François-Émile Décorchemont naît à Conches (Eure) en 1880, où il grandit avant de venir étudier à l’École des Arts Décoratifs de Paris. S’il peint également et exposera d’abord ses peintures dès 1898, le jeune homme s’oriente au sortir de ses études vers la céramique. Déçu par ses premières expériences avec le médium il se tourne vers la pâte de verre en 1902. Décorchemont est autodidacte et le revendiquera : 

"je n’ai jamais appris le métier de verrier : je n’ai jamais été élève, ni employé, ni artisan dans aucune verrerie (…) Les essais furent souvent décevants, mais j’appris ainsi, en recommençant maintes fois, toutes les possibilités du verre, de sa coloration dans la masse."[2]

L’artiste expose ses premières œuvres en pâte de verre au Salon des Artistes Français de 1903, et encore l’année suivante où son style s’est déjà affiné ainsi que sa palette de couleurs. Le Musée de Limoges lui achète quatre pièces et, en 1905, c’est le Musée des Arts Décoratifs qui lui achète une coupe.

Décorchemont développe la même année une pâte de verre entièrement translucide qui lui permet une large gamme de couleurs au service de motifs naturalistes. Pour cette production, il installe à Conches un four à tirage vertical comme en usent certains céramistes ce qui lui vaut d’être parfois surnommé le "Potier de verre"[3]. Il s’installe alors définitivement dans sa ville d’origine et débute une production régulière, qu’il recense et numérote de manière systématique à partir de 1907. Le choix du verrier sera toujours une édition en petite série. Il débute la même année une relation commerciale avec la maison Rouard, qui deviendra son principal diffuseur sur Paris.

En 1908, Décorchemont oriente ses recherches vers la fonte à cire perdue, qu’il adapte à sa pâte de cristal. D’essais en essais il en tire en 1912 ses premiers "vases épais nouvelle matière", qu’il présente au Salon des Artistes Décorateurs. La critique est unanime et loue notamment leur "lueur diffuse, cette douceur éclairante répandue en elles, si bien qu’elles semblent composées avec des clartés mourantes qui ne meurent jamais"[4].

Le Musée des Arts Décoratifs lui achète une pièce de cette nouvelle manière, le Musée d’Orsay également. François-Émile Décorchemont se consacrera désormais à cette matière et abandonne la pâte fine. Il vend la quasi-totalité des modèles qu’il expose en 1913 aux Salons, dans les galeries du paquebot France et chez Louis Majorelle rue de Provence, qui créé des meubles spécialement pour accueillir ses verreries.
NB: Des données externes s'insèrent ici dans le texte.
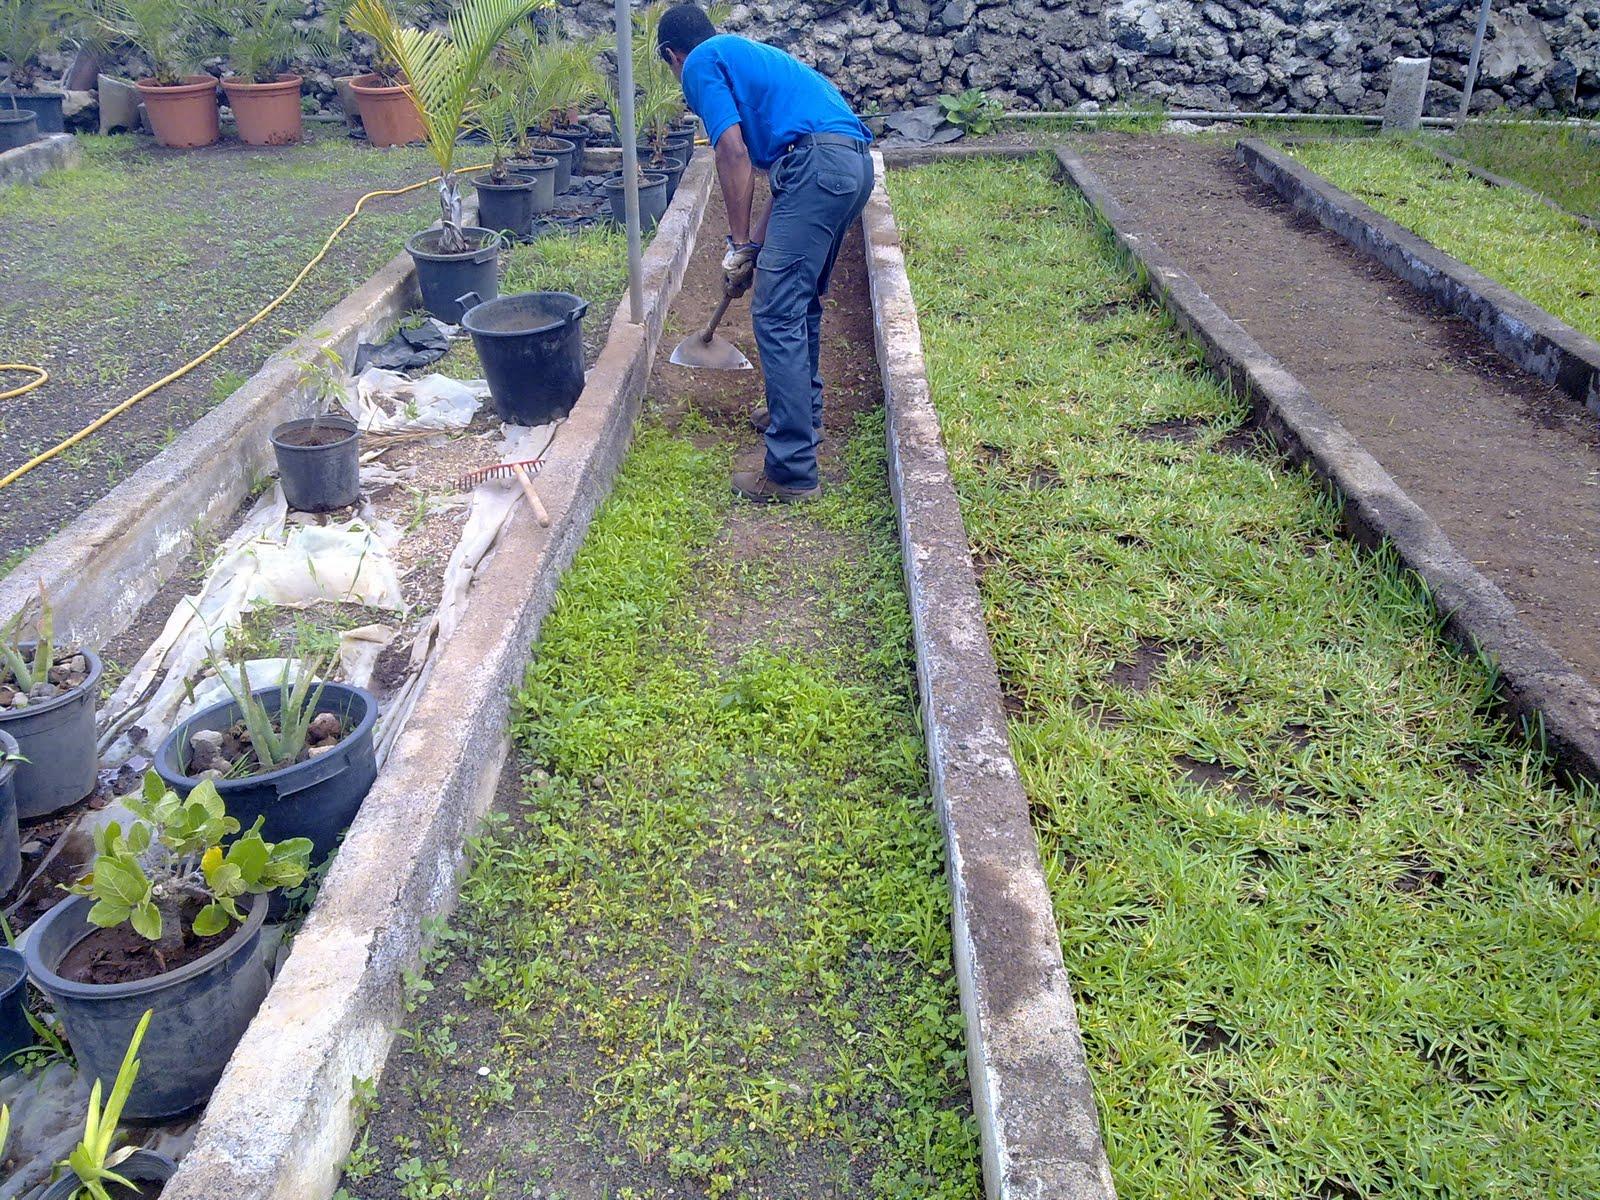 Curso auxiliar jardineria mantenimiento de los pasillos for Auxiliar jardineria

La Guerre de 1914 met un frein à la production et aux expérimentations du verrier, qui les maintient cependant durant ses rares permissions et parvient à exposer quelquefois jusqu’à l’Armistice de 1918.

Dans l’effervescence de l’après-guerre, François-Émile Décorchemont se marie en 1919 et reprend avec bonheur une intense activité artistique, moulant des dizaines de pièces dont il répertorie avec précision le résultat. Il continue à exposer et vendre régulièrement (son chiffre chez Rouard dépasse même en 1921 celui de Lalique), tandis que son vocabulaire décoratif évolue vers plus de stylisation et que ses motifs migrent progressivement du corps de ses pièces aux anses. 
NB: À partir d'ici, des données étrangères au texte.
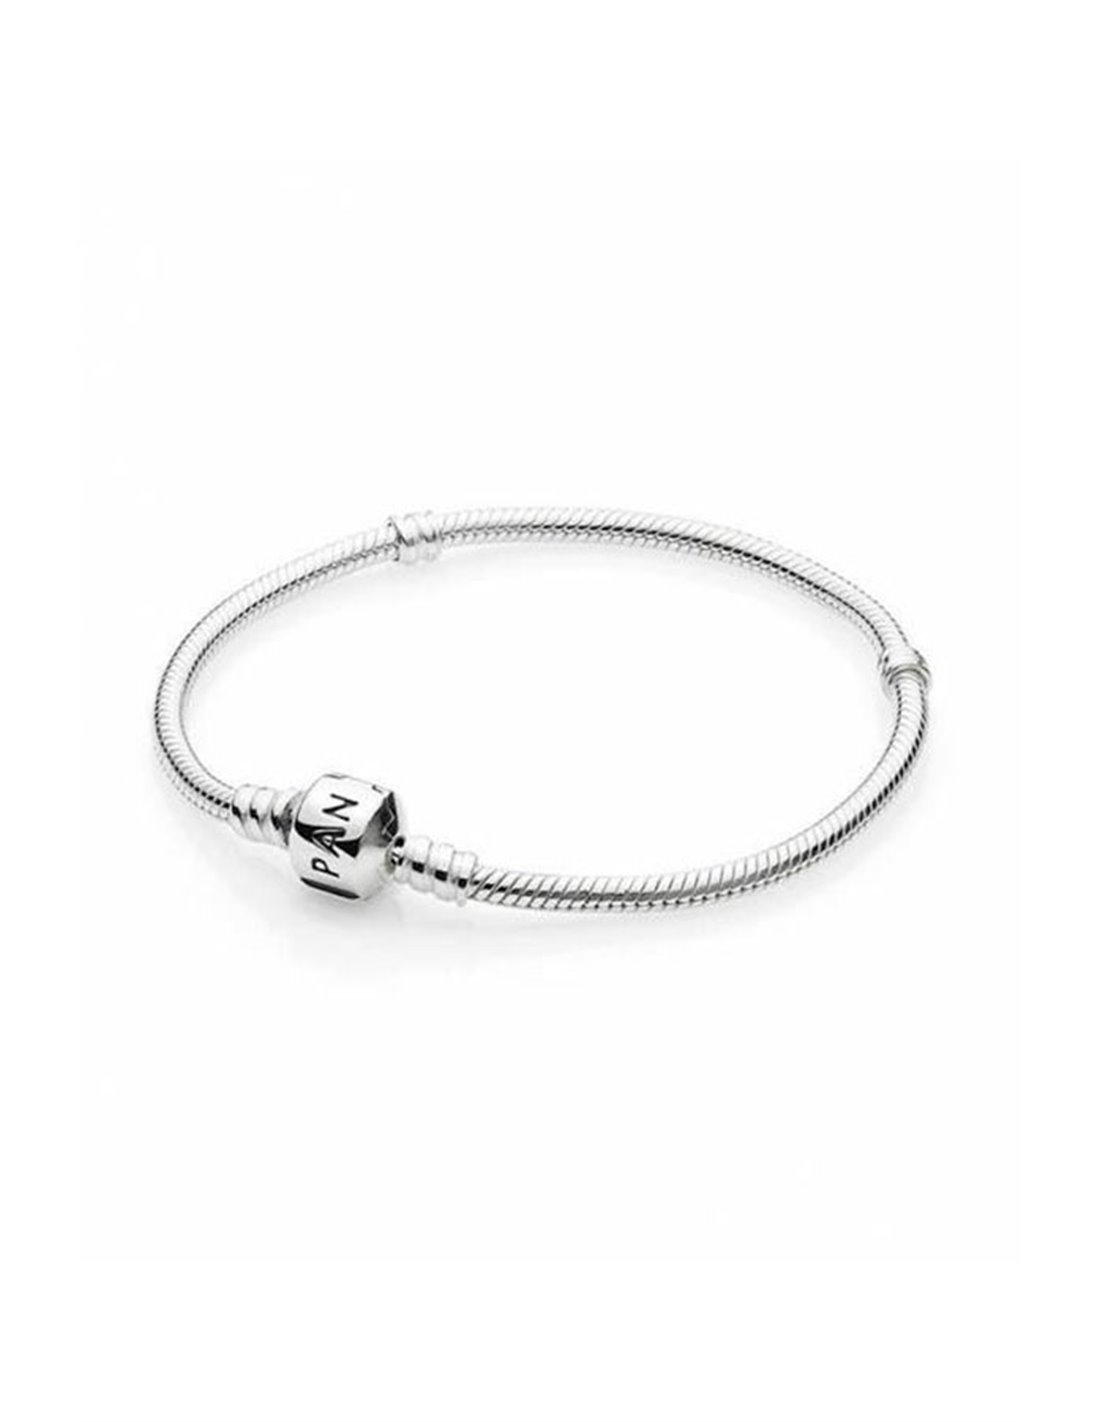 590702 Hv 18 Pandora Bracelet Silver

L’artiste triomphe à l’Exposition internationale de Paris de 1925 où il expose chez Rouard, à l’Hôtel du Collectionneur de Ruhlmann et à l’Ambassade Française présenté par la Société des artistes décorateurs. Il reçoit un grand prix et est invité par la suite à participer à d’importantes expositions et manifestation comme celle du Musée Galliera sur "Les rénovateurs de l’art appliqué de 1890 à 1910".

Les œuvres du verrier se font à partir de 1927 plus géométriques, adoptant pans coupés et lignes brisés tandis que l’ornementation tend à disparaitre. La crise économique de 1929 ralentit considérablement les productions, ventes et recherches de Décorchemont. On ne sait trop si cette période fût pour lui l’occasion d’un bouleversement spirituel, toujours est-il qu’il oriente ses recherches et sa production vers le vitrail à partir de 1932. Il réalise en 1934 ceux de l’Eglise Sainte-Odile de Paris, dont un fragment est présenté l’année suivante au Salon d’automne.

Durant la 2nde GM et après-elle, François-Émile Décorchemont s’efface de la scène artistique pour se consacrer au programme iconographique des églises de sa région natale tout en maintenant une production restreinte de pièces de forme. Il réalise plus d’une centaine de vitraux entre 1952 et 1967 avant de s’éteindre en 1971, à l’âge de 91 ans.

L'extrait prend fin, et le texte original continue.